_TASK TO CARRY OUT_
Below are several records. Retype exactly those lines running from the one with "Zbliżenie na artystyczną" through the one with "湛建管[2009]96号：印发《湛江市建设局建筑深基坑工程管理规定》的通知", end lines included, and no others.

Extracted data entries
=== Begin Enclosure ===

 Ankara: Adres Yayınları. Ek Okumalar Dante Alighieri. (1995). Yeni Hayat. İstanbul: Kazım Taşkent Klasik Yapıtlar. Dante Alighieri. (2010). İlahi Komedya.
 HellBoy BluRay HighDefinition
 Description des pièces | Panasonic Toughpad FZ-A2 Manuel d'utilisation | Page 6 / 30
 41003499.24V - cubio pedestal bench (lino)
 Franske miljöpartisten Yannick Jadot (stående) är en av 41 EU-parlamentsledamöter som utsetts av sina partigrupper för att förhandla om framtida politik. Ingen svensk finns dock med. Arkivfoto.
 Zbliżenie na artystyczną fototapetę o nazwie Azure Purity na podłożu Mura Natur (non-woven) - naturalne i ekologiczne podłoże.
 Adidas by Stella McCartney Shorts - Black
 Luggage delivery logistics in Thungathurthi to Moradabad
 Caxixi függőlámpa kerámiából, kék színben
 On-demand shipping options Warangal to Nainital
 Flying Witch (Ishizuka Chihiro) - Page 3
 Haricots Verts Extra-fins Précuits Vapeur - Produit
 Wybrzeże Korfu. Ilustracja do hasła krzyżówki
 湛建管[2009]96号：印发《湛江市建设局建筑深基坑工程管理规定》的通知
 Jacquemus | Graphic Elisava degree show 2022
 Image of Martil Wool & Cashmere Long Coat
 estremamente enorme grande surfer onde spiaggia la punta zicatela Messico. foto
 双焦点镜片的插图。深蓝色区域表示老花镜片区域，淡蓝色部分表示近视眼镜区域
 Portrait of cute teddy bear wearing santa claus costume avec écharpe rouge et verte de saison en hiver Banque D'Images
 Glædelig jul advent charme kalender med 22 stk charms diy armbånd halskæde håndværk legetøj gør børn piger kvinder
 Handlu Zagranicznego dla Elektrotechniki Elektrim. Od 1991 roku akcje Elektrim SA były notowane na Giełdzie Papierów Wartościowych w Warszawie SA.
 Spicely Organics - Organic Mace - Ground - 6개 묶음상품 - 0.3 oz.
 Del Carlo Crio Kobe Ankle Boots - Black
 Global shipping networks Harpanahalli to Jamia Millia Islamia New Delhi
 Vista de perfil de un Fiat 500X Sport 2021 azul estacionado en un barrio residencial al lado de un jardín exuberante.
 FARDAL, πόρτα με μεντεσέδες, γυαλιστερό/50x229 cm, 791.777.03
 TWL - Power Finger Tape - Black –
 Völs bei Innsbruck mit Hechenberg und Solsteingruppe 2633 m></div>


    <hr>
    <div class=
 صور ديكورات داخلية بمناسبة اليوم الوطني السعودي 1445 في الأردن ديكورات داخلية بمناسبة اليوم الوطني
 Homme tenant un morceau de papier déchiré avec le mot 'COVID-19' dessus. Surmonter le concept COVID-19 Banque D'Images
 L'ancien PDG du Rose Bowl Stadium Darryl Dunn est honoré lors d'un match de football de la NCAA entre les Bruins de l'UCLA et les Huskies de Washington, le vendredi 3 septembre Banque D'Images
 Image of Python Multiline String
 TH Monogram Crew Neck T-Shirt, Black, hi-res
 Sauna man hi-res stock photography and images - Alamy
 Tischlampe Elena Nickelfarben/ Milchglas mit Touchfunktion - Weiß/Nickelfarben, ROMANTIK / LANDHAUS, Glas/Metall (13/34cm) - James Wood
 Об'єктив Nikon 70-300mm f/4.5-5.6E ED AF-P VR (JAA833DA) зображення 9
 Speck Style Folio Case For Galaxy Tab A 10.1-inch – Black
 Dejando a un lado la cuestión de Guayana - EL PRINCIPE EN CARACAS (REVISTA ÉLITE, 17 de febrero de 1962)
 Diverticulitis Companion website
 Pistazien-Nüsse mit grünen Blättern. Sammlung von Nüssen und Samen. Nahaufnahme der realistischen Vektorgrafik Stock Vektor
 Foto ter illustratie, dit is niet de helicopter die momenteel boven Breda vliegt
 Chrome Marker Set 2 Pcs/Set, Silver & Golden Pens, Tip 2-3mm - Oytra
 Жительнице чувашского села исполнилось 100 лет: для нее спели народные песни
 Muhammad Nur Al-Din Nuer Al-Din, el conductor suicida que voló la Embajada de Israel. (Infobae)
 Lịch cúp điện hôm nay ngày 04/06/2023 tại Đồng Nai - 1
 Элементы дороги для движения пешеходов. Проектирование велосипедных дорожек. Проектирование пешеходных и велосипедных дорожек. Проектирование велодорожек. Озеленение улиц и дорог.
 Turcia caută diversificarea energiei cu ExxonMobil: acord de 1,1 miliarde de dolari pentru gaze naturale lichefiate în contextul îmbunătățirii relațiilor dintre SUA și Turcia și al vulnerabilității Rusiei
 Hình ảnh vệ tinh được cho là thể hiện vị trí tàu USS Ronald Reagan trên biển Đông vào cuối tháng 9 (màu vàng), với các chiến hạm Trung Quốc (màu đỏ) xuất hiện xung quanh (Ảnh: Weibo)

=== End Enclosure ===

_SOLUTION TO THIS TASK_
 Zbliżenie na artystyczną fototapetę o nazwie Azure Purity na podłożu Mura Natur (non-woven) - naturalne i ekologiczne podłoże.
 Adidas by Stella McCartney Shorts - Black
 Luggage delivery logistics in Thungathurthi to Moradabad
 Caxixi függőlámpa kerámiából, kék színben
 On-demand shipping options Warangal to Nainital
 Flying Witch (Ishizuka Chihiro) - Page 3
 Haricots Verts Extra-fins Précuits Vapeur - Produit
 Wybrzeże Korfu. Ilustracja do hasła krzyżówki
 湛建管[2009]96号：印发《湛江市建设局建筑深基坑工程管理规定》的通知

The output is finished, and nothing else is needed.